The actual breakthrough will be when people are wearing these sensors and the data from the sensors are being parsed by computers.

Imagine that you’re able to constantly record just video and audio, in all directions, as you walk around during your day. Forget how that’ll happen—it’ll likely be some sort of button or sticker, or other wearable item—but just assume that we can capture the data.

Now imagine a decent set of machine learning algorithms on the other side of the sensor, both at the edge and in the cloud, that are processing the data in realtime. What kinds of functionality will come from this?

  1. Realtime language translation.

  2. Notifications if someone is looking at you or talking about you.

  3. Notifications when someone around you is talking about something dangerous.

  4. An alert if there is an incoming car or bicycle you might not see.

  5. An alert if someone has been following you for blocks without you knowing.

  6. A ping for if a friend’s voice is heard, or their face is seen, in a crowd.

  7. A ping if someone in the coffee shop is famous or popular in some way, or if they share common interests with you.

  8. Various statistics for a given time period, e.g., how many men vs. women you passed on the street, how many cars went by, how many Android vs. iPhone devices are in this coffee shop.

  9. How many calories you ate. (it can see all your food)

  10. How many calories you burned (it can watch you exercise)

  11. How much sleep you got (when you turned it off and turned it back on, plus other measurements).

  12. How many times you talked to your friends and family vs. strangers, etc.

  13. Take pictures of any scene using a voice command.

  14. Get 360 degree images of places.

  15. Based on your excitement level (accelerometer data, heart rate, etc.), automatically capture video or audio and pipe it to certain people, companies, or organizations.
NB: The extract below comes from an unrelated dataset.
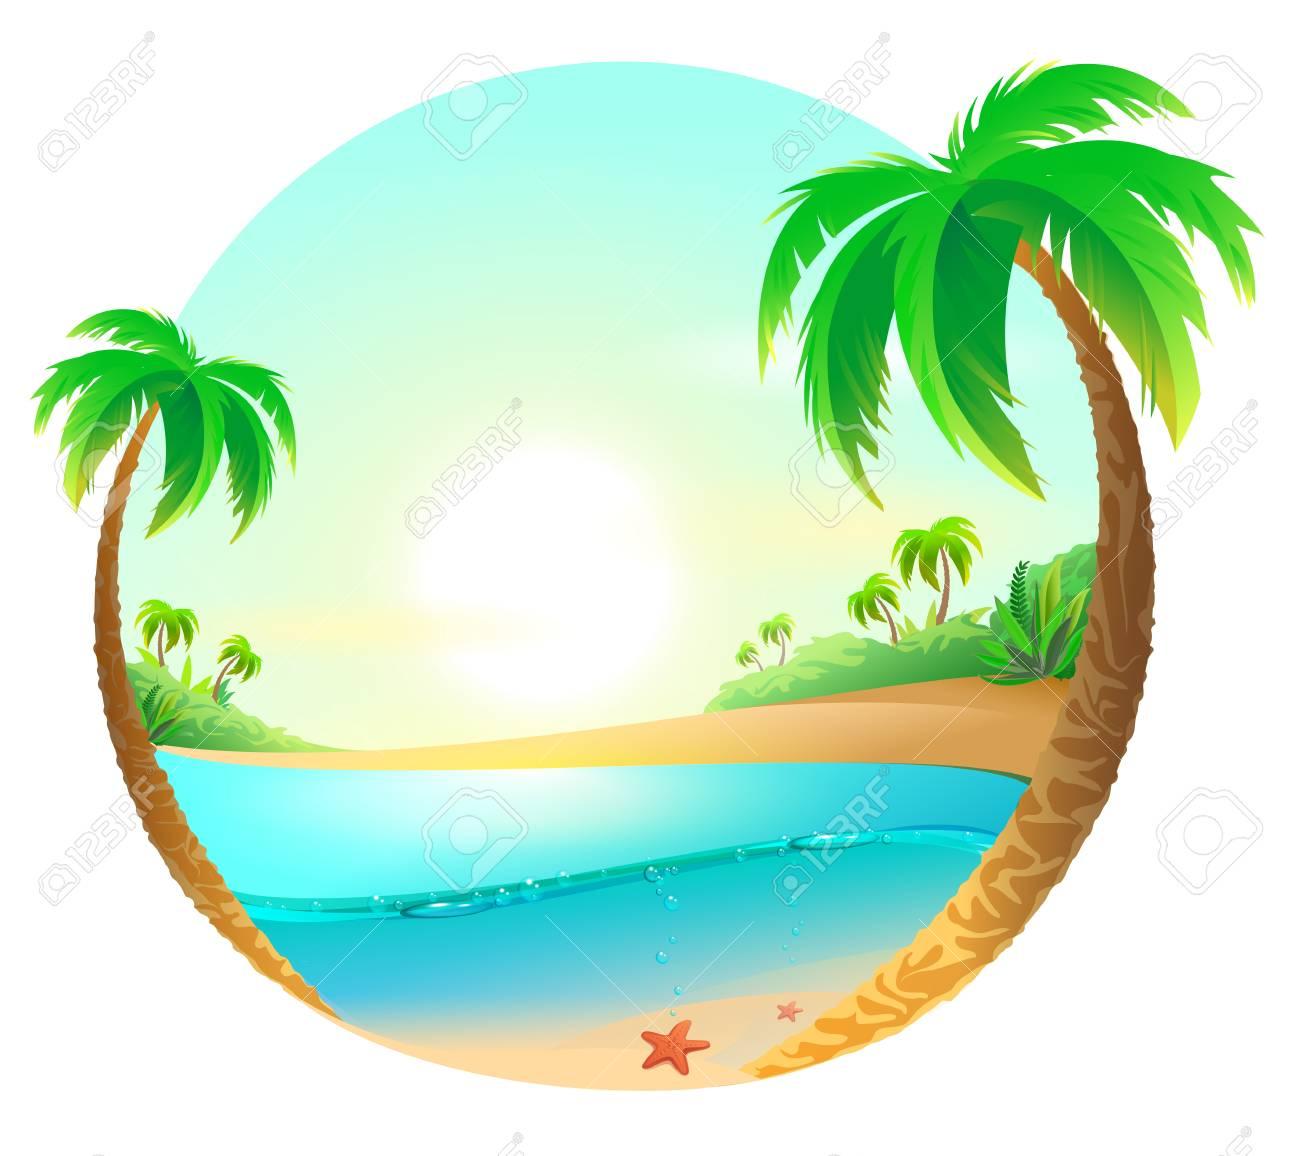 Playa Tropical Entre Palmeras Ilustración De Dibujos Animados De

Imagine crashes, or robberies, or health issues.

  16. People cutting you off in traffic, littering, public fights, documentation of violence of all kinds.

These are just a few I thought up in a minute or two. There will be thousands of use cases, created by hundreds of companies. Some companies will be great at identifying objects. Others will be good at voice. Others will be good at situations and scenes, etc.
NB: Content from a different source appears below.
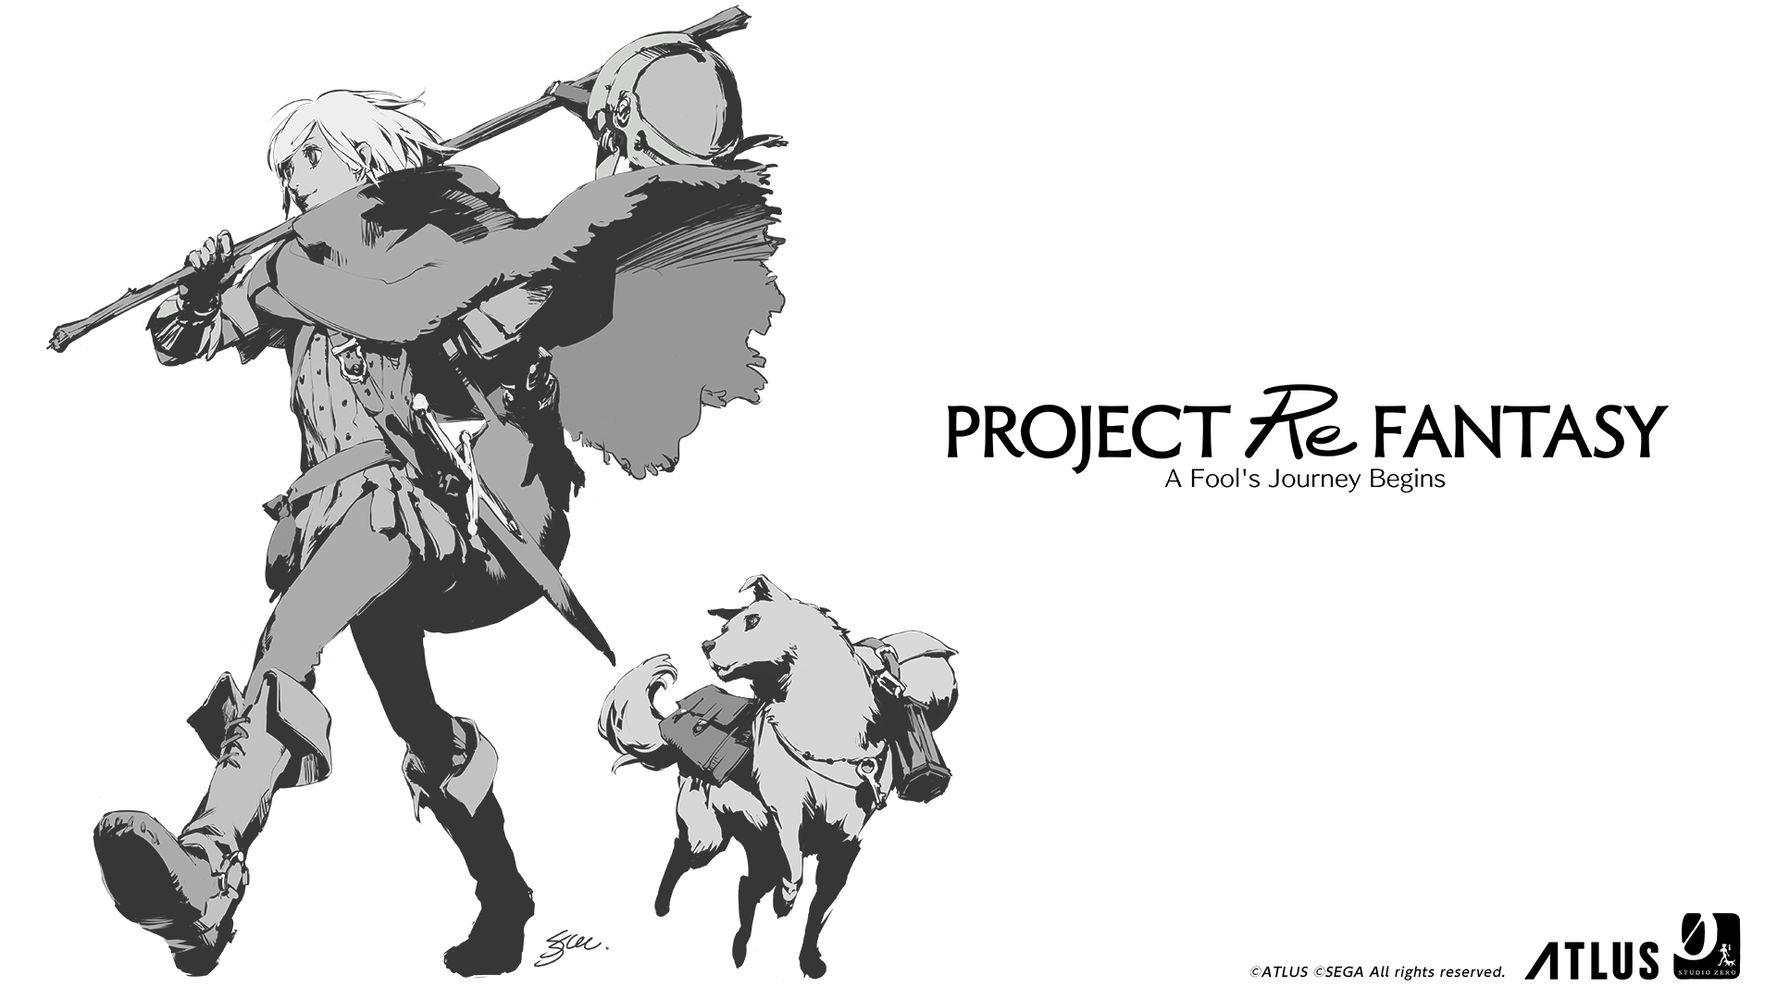 Atlus annuncerà un RPG fantasy totalmente nuovo il 23 dicembre

And all of this will filter through your personal operating system so that the insights that are gained are passed on to the rest of your personal platform—at home, in the car, and at work.

Sensors connected to machine learning algorithms are powerful. Especially when you have video and audio. But the true power of this combination will come when we’re wearing those sensors and the observations, notifications, and alerts produced by the algorithms are uniquely valuable to us as individuals.

That’s when the market will explode.

Then there’s a whole separate industry that will rise up around the interfaces for presenting this data to the person. It’ll start with AirPods and Buds, i.e., voice prompts because they’re the first hands-free interface we’ll have. The next breakthrough will be a usable visual interface that is hands-free, meaning glasses.

Lots of other tech is interesting right now, but this is the major bump I’m waiting for.

Notes

  1. I wrote about lifecasting back in 2008, but I had no idea then about computers parsing the input from the streaming. It’s quite entertaining to read that piece now. Still lots of good stuff in there, but the assumption was human services would be used to parse the content.

  2. By the way, I’m not saying this is “next” as in coming immediately. I mean it’s the next big thing, at least that I care about.

  3. There are a lot of similarities between this and Universal Daemonization, which I wrote about in my book. The difference is that this is parsing light and sound, where UD requires the daemon infrastructure.